* WORK INSTRUCTION *
Copy exactly the lines of the material below that fall between the line with "Two People Wildlife" and the line with "Explore the Kent", both of those lines included; pictures stay out.

* EXERCISE DATA *

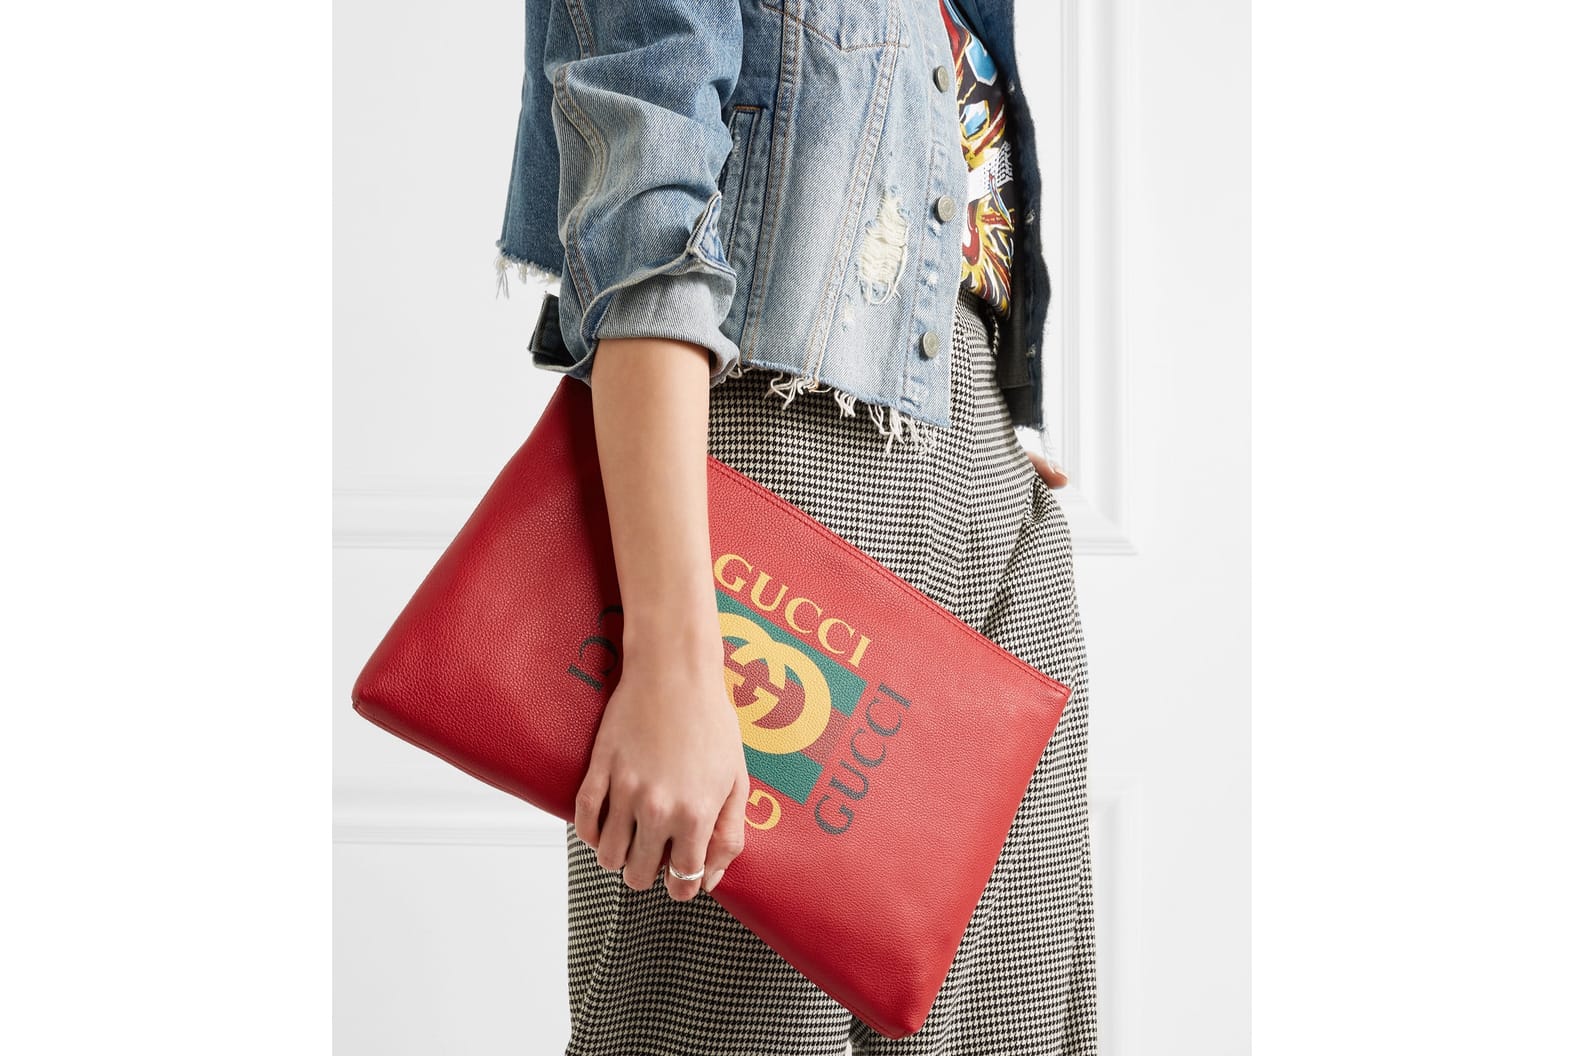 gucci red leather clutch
...
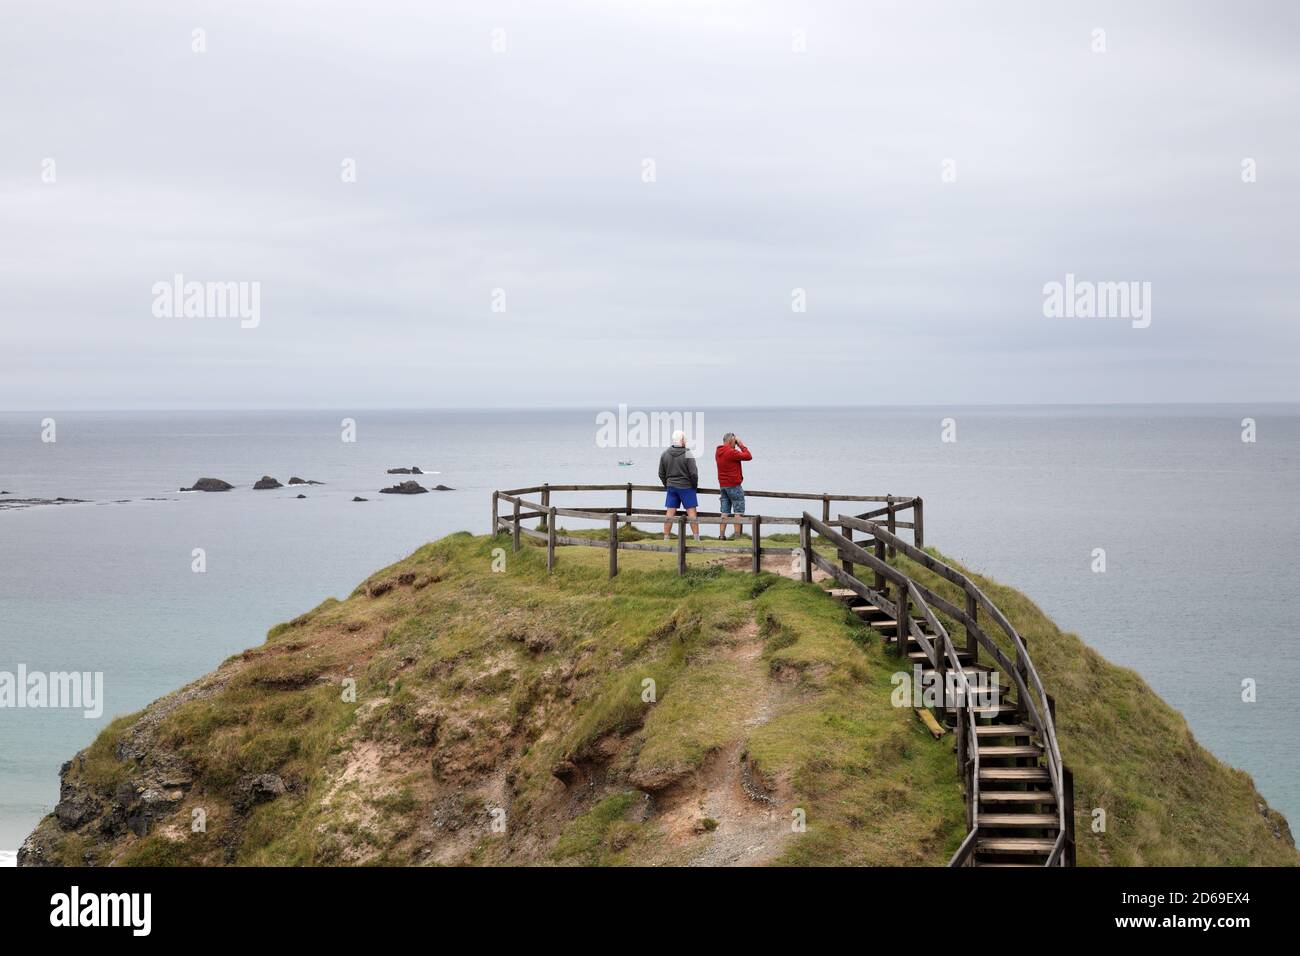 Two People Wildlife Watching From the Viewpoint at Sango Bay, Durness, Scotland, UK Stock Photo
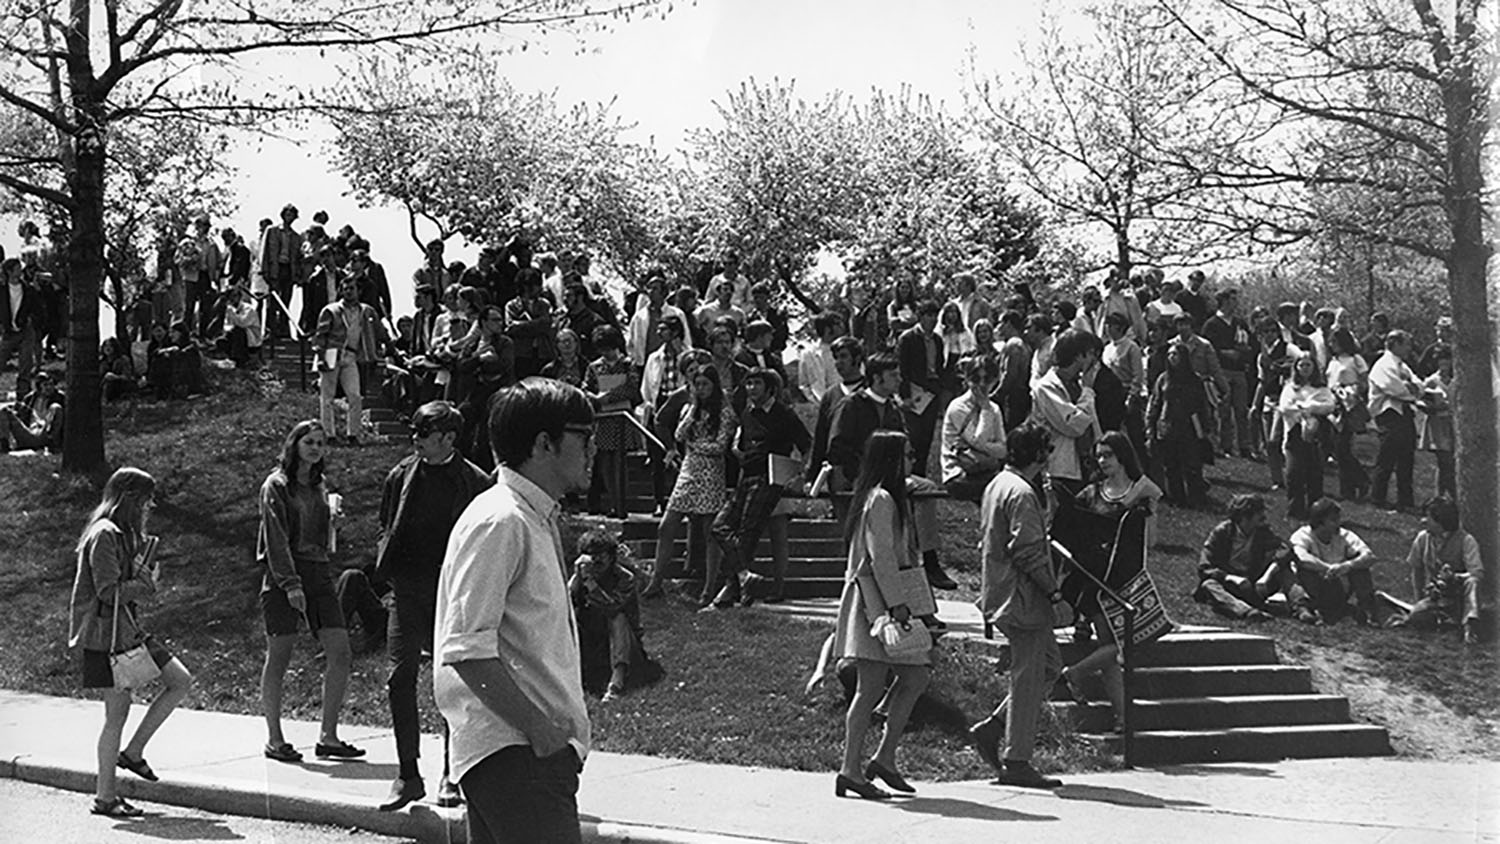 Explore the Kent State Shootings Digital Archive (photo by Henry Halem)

* YOUR SOLUTION *
 Two People Wildlife Watching From the Viewpoint at Sango Bay, Durness, Scotland, UK Stock Photo
 Explore the Kent State Shootings Digital Archive (photo by Henry Halem)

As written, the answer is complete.